START Input material

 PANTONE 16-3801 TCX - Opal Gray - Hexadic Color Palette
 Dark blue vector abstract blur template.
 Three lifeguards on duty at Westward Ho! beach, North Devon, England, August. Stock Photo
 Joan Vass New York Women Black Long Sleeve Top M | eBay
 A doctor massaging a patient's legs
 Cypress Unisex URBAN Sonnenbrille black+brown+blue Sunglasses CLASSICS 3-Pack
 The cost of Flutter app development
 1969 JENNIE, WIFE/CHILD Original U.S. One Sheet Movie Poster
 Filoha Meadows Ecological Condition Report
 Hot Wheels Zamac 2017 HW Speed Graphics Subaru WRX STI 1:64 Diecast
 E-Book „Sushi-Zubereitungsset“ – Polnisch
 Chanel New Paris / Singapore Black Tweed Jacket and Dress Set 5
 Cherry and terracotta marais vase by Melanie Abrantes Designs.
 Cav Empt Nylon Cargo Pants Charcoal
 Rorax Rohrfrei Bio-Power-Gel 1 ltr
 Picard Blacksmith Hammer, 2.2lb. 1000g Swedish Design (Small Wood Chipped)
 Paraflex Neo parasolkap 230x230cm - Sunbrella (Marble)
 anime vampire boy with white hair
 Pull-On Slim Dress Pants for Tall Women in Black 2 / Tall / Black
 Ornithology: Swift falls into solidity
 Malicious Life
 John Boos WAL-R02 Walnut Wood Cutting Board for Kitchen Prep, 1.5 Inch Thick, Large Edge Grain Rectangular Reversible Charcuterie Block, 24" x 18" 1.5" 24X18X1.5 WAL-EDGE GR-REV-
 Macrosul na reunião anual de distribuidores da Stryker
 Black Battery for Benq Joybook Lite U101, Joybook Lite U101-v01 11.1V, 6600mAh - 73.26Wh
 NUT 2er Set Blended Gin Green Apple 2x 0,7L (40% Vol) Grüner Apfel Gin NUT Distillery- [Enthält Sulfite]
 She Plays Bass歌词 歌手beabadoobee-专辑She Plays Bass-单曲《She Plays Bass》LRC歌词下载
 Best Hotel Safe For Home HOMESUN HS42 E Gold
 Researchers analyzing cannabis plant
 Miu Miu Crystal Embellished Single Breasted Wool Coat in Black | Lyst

END Input material

◆ **Activity**
What you give back should be exactly the lines of the data above from the line with "The cost of Flutter app development" through the line with "Chanel New Paris", both of those included, and nothing more.

◆ **Written answer**
 The cost of Flutter app development
 1969 JENNIE, WIFE/CHILD Original U.S. One Sheet Movie Poster
 Filoha Meadows Ecological Condition Report
 Hot Wheels Zamac 2017 HW Speed Graphics Subaru WRX STI 1:64 Diecast
 E-Book „Sushi-Zubereitungsset“ – Polnisch
 Chanel New Paris / Singapore Black Tweed Jacket and Dress Set 5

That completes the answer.